I didn't explain myself. What I mean, in yeshivish terms, is that you can't make a tzad hashaveh from not talking to not feeding, because not feeding is a transgression.

joshwaxman said...

Who says he knew? If he didn't pay attention to the children, was living in dire poverty, and his wife didn't want to disturb his learning, it seems quite possible that this could come about, in the dysfunctional family setup described.

Knowing that you and the children are very hungry and are eating an extremely sparse diet is not the same as having the seichel and nutritional knowledge to realize that this is putting a child in harm's way.
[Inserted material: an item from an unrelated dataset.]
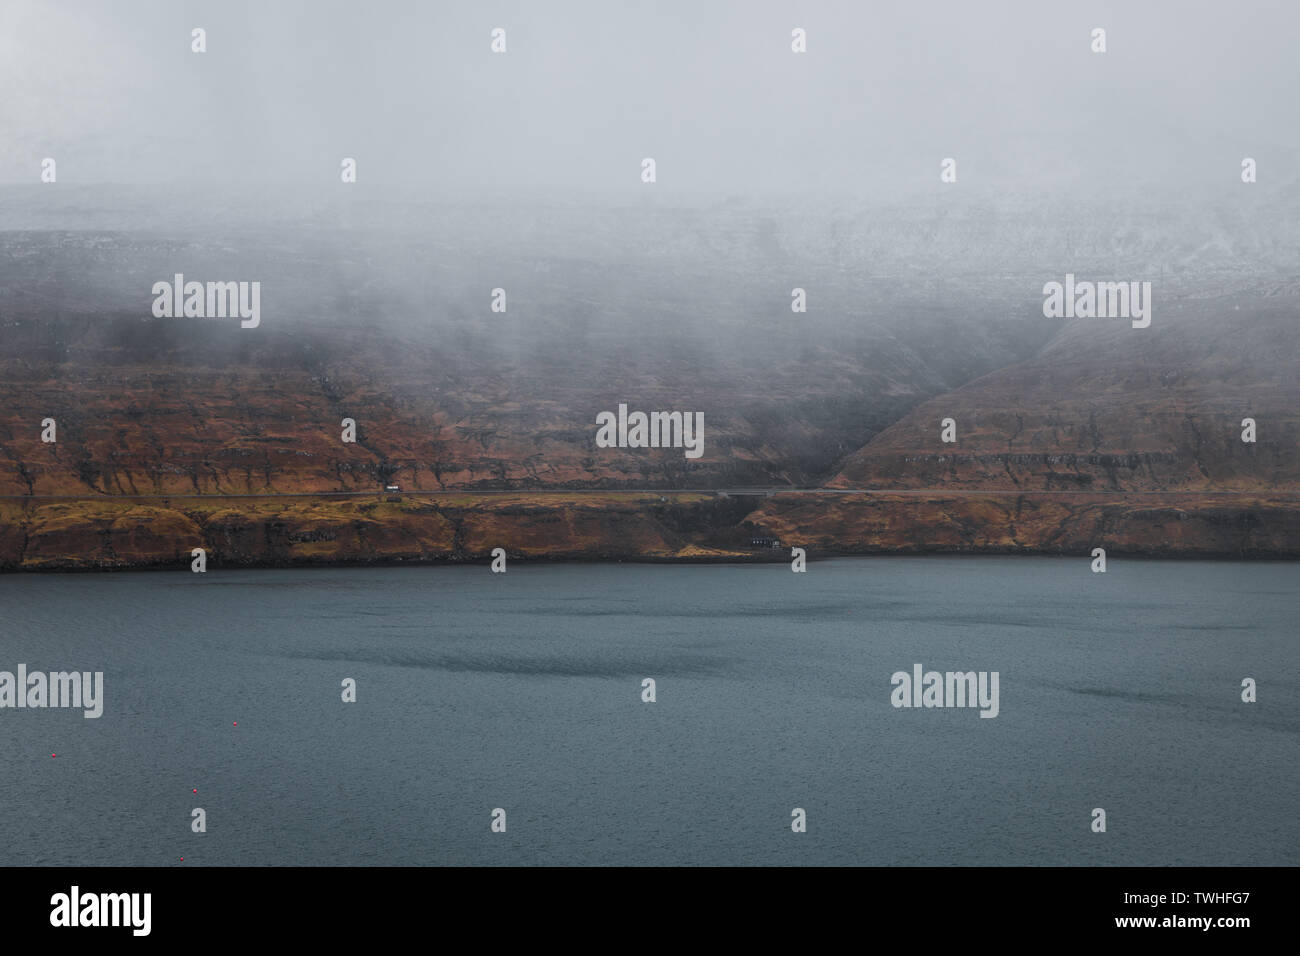 Moody tipico paesaggio delle isole Faeroeer come si vede dalla fossa cascata con nebbia bassa appesi nelle montagne di fronte al blu scuro del mare (Isole Faerøer) Foto Stock

I wasn't suggesting that he watched closely as he deliberately withheld food from his daughter and didn't care that that would cause her to be hospitalized or die.

ba said...

I wrote above (comment 3) that it couldn't have been from lack of knowledge, because otherwise, they wouldn't have chosen as an illustration of his greatness in learning.

Who knows? Maybe they chose it as a story even when it was inappropriate, and what you say is true.

ba said...

(By the way, I later found something similar in the introduction of the son of the Gra to Shenos Eliyahu; see there.)